Why is this? According to Automatica’s 2020 trend index, which surveyed employees representing 1,000 different organisations, it is not for a lack of desire or willingness to change. Within the survey, 68% of respondents said that the use of robots is essential for the competitiveness of the UK’s economy, and 65% expressed a need to improve education for working with robots, and for such skills to be promoted as a top priority by policymakers in government. Whatever the reason, it is vital that this materialises, in the packaging industry or elsewhere.
The ‘Good work charter’ of EUnited’s European robotics industry
1. Working like humans, not machines: Using robots to perform dull, dirty dangerous or delicate tasks, allowing people to undertake work more suited to human nature.
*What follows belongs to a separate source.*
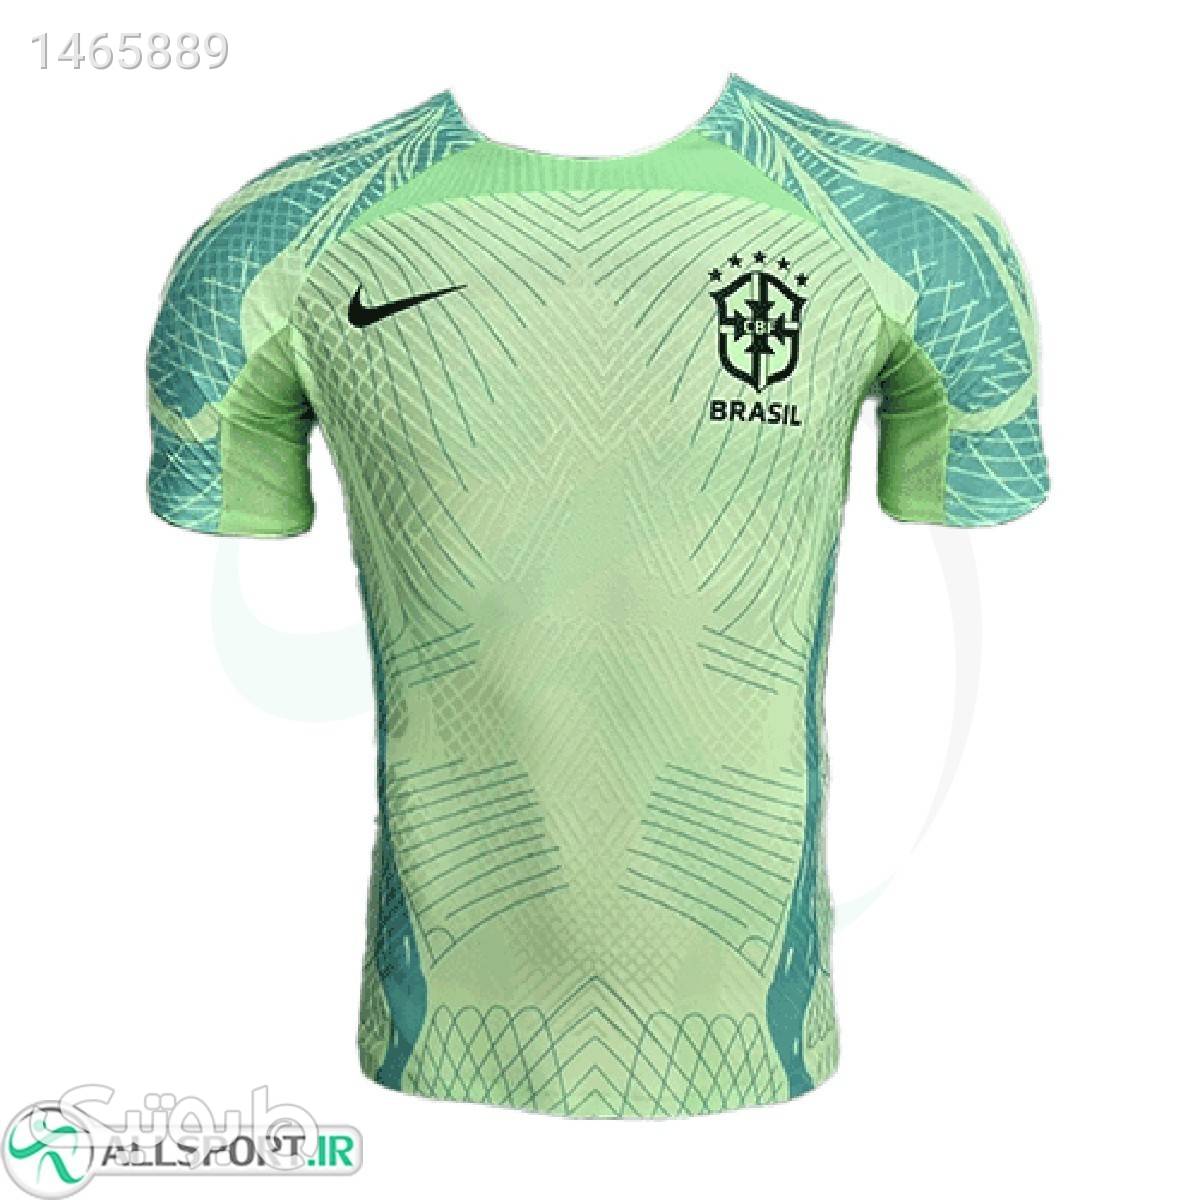 پیراهن پلیری تمرینی برزیل Brazil 202021 Training Soccer Jersey سبز ست ورزشی مردانه

2. Humans in command: Ensuring robots assist humans, not the other way around.
3. Development of skills: Closing the skills gap that has grown as a result of the pace of technological change.
4. Inspire young people for STEM [science, technology, engineering and mathematics]: Leveraging interesting robotics technologies to inspire young people to pursue the study of STEM subjects.
5. Inclusion and participation: Ensuring robotics promotes inclusion, not exclusion.
6. Creating opportunities: Using robotics to encourage workers to take active roles and perform more advanced tasks.
7. Human-robot collaboration and fusion skills: Maximising the complementary strengths of people and machines to generate vastly improved results.
8. Ease of use: Prioritising the simplification of robots to improve accessibility and lower barriers to entry.
9. Sustainability: Using robotics to make decisive contributions to sustainable consumption of energy and natural resources, and move towards a carbon neutral economy.
10. Tackling demographic change: Addressing possible labour shortages by increasing the use of automated and robotic technologies.
Source: EUnited